EXERCISE DIRECTIONS
A verbatim restatement of the data, free of pictures, is what you should output.

RECORDS FOR THE TASK below:

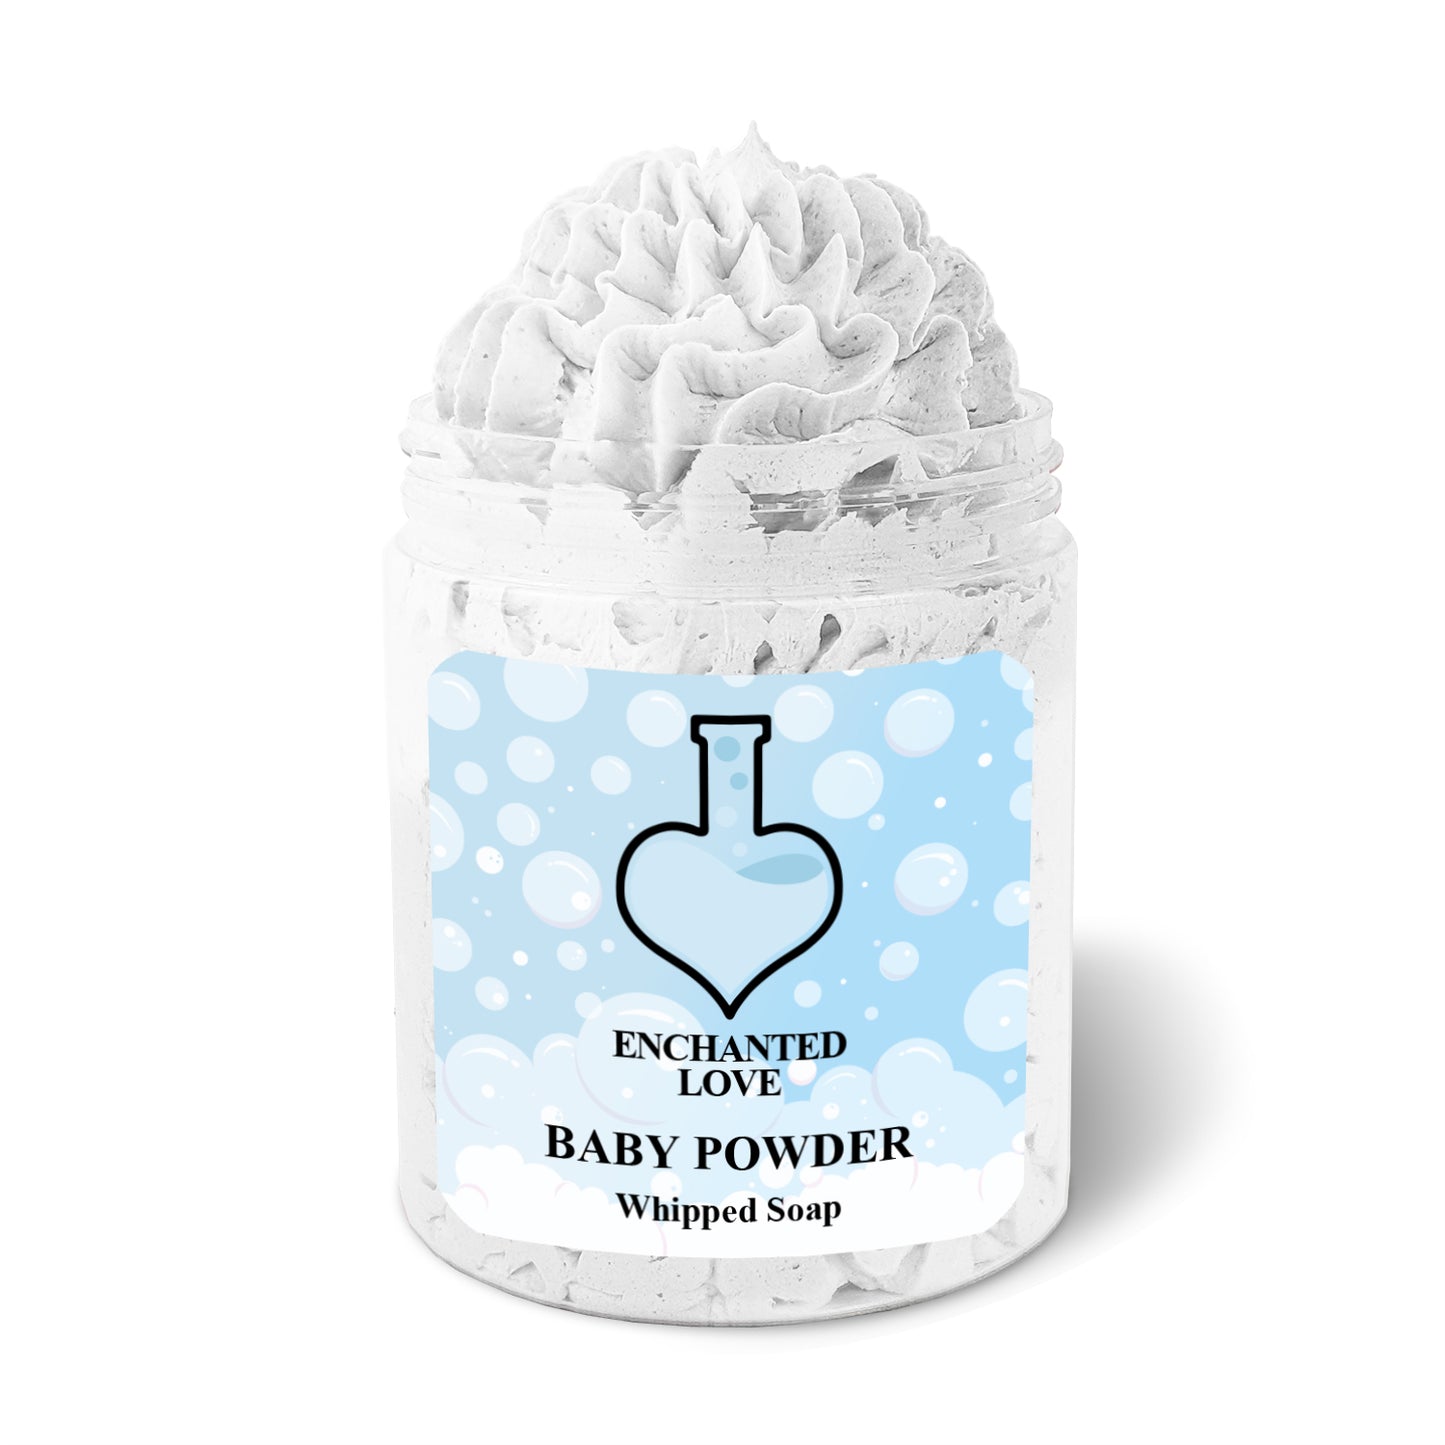 Baby Powder Whipped Soap
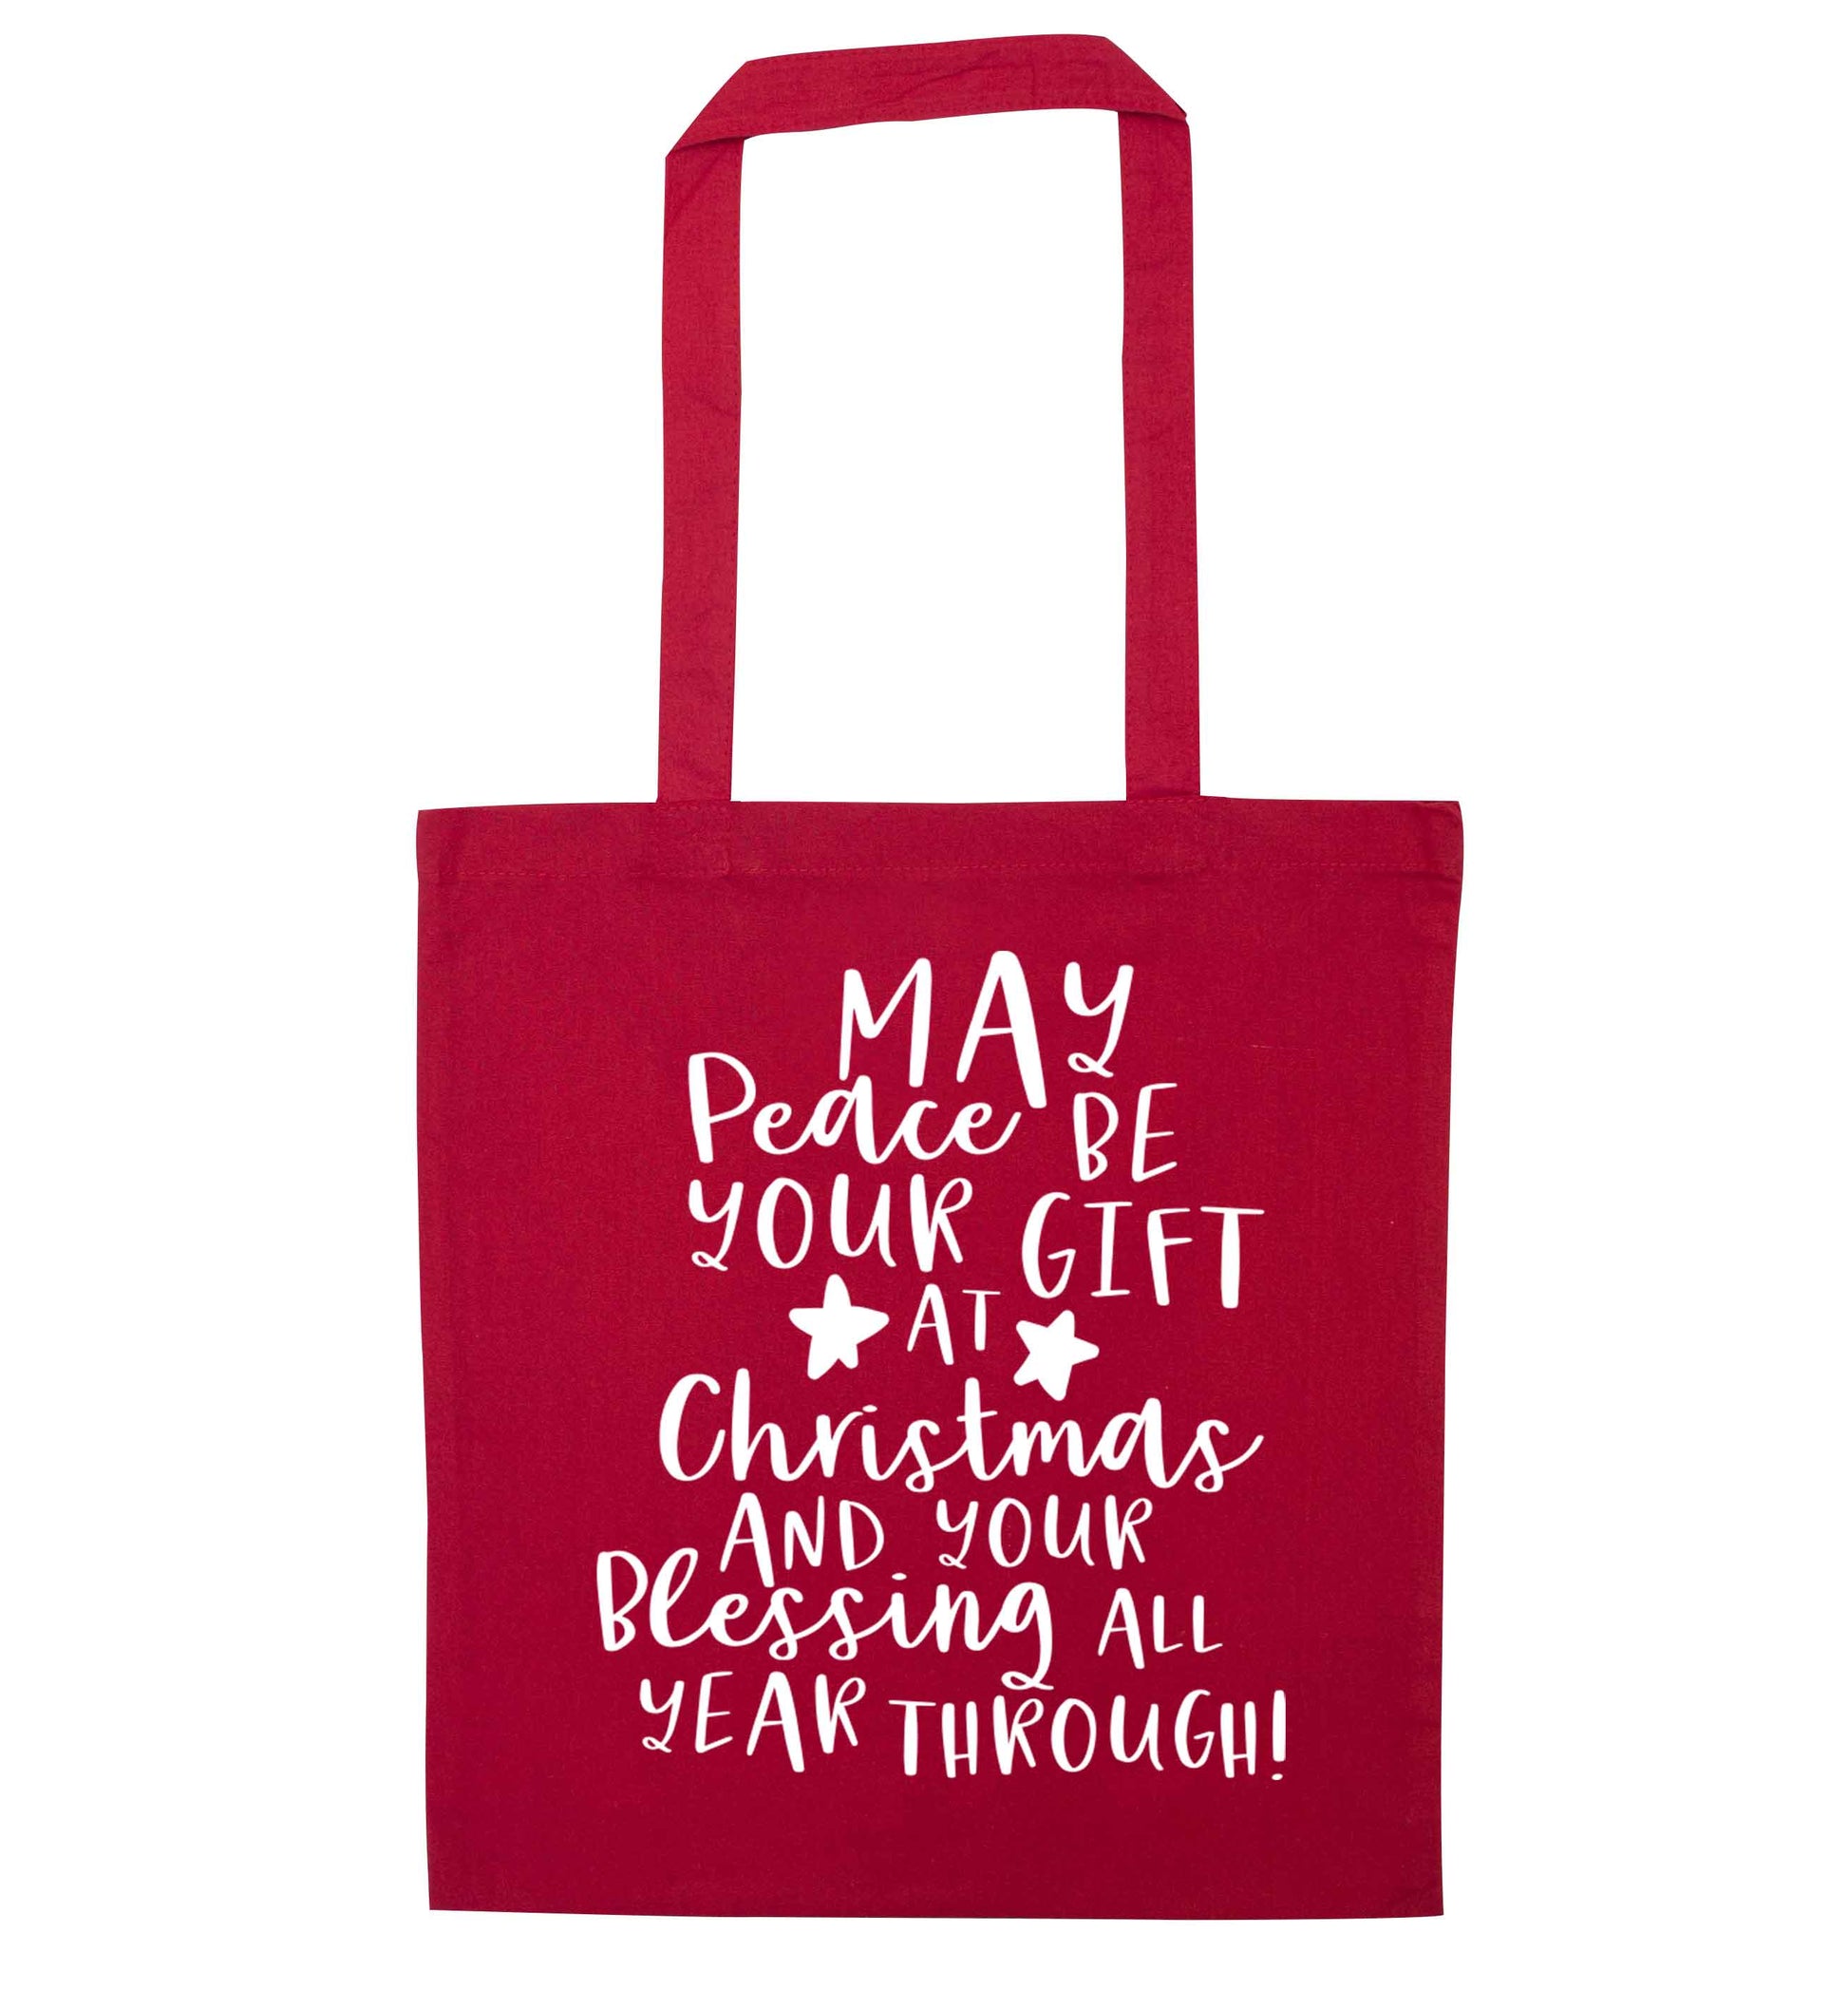 Peace be your Gift at Christmas Gift red tote bag
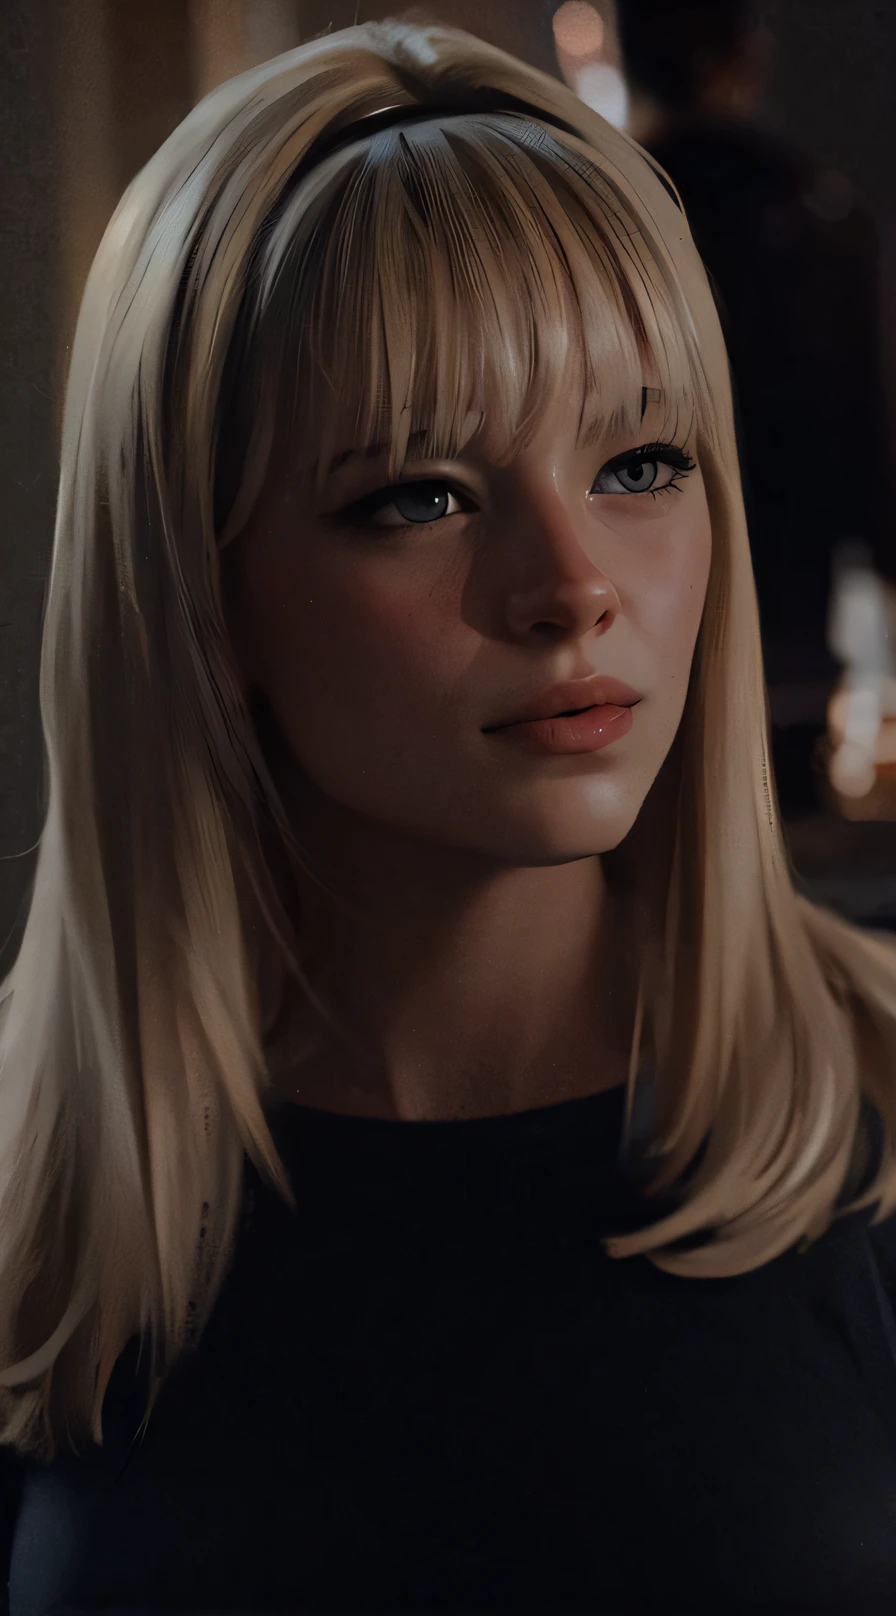 Realistic,Cute,Film and Television,Fan-made Character,Love,Star,Romance,This is Gwen Stacy, a 16-year-old teenager who is still in love with Peter, but that can change and you have that power.
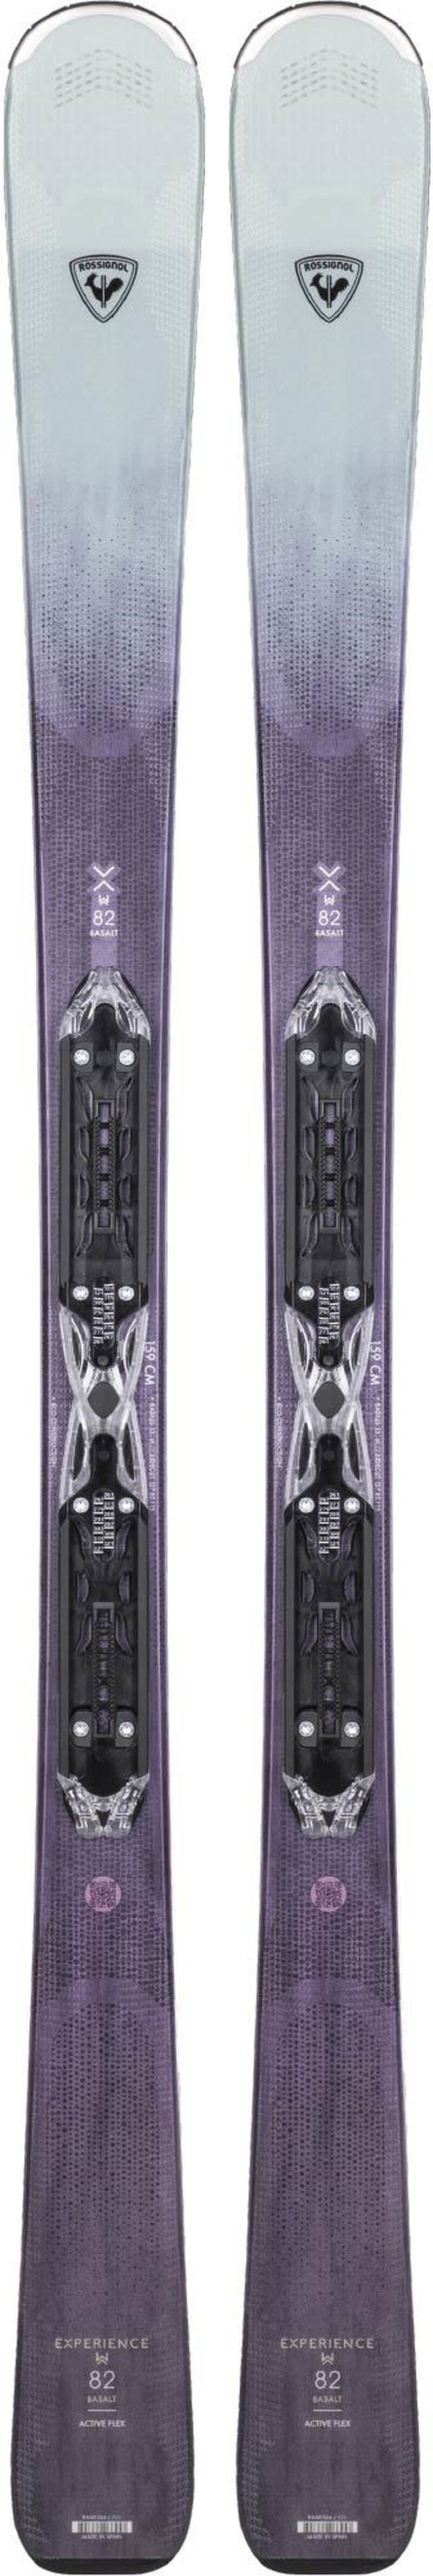 Rossignol Skis All Mountain femme EXPERIENCE W 82 BASALT (XPRESS) 
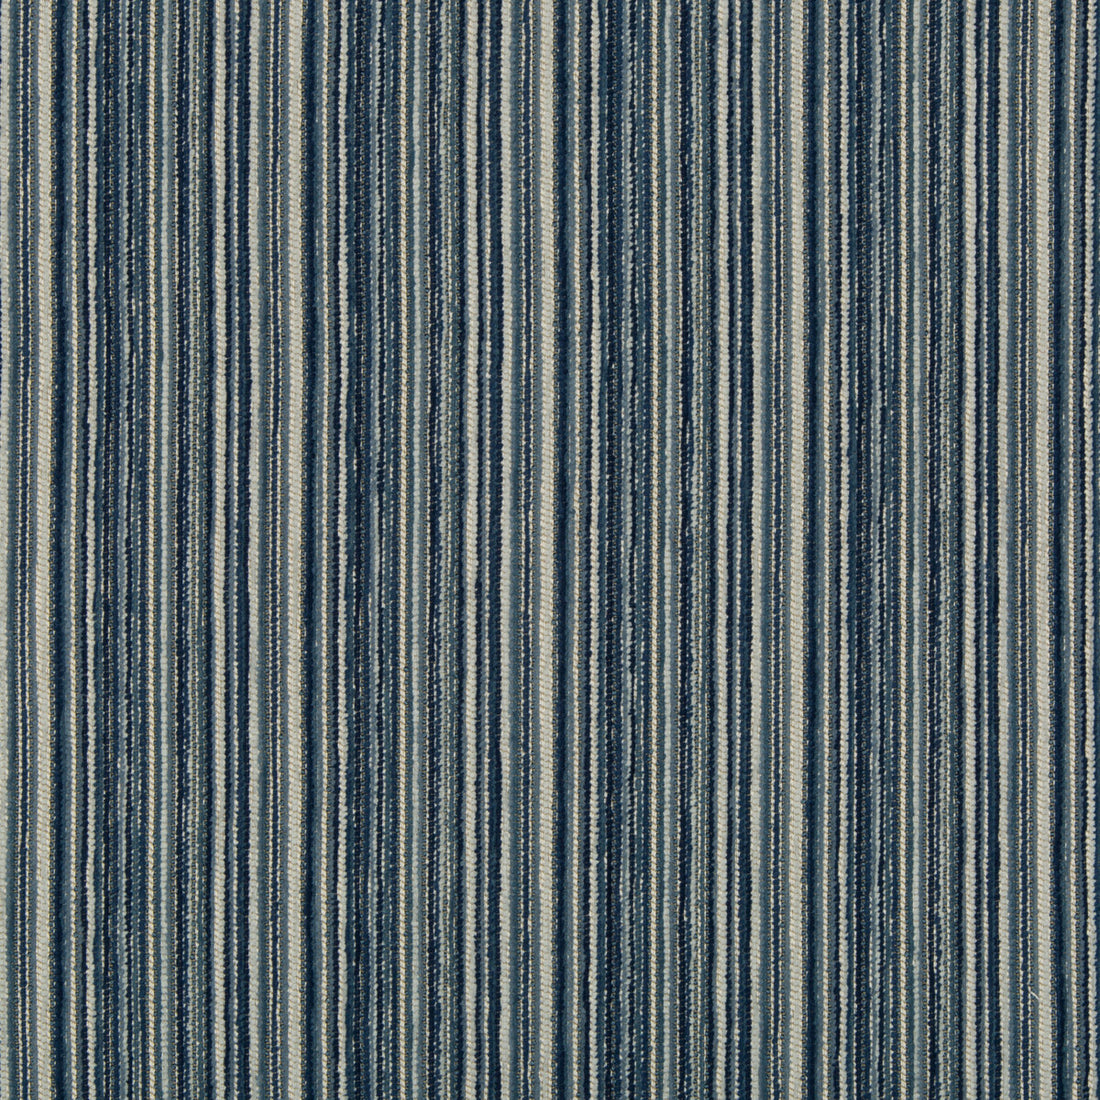 Kravet Design fabric in 34693-511 color - pattern 34693.511.0 - by Kravet Design in the Performance Crypton Home collection

End of RECORDS FOR THE TASK.

OUTPUT FOR THIS TASK
 Baby Powder Whipped Soap
 Peace be your Gift at Christmas Gift red tote bag
 Realistic,Cute,Film and Television,Fan-made Character,Love,Star,Romance,This is Gwen Stacy, a 16-year-old teenager who is still in love with Peter, but that can change and you have that power.
 Rossignol Skis All Mountain femme EXPERIENCE W 82 BASALT (XPRESS) 
 Kravet Design fabric in 34693-511 color - pattern 34693.511.0 - by Kravet Design in the Performance Crypton Home collection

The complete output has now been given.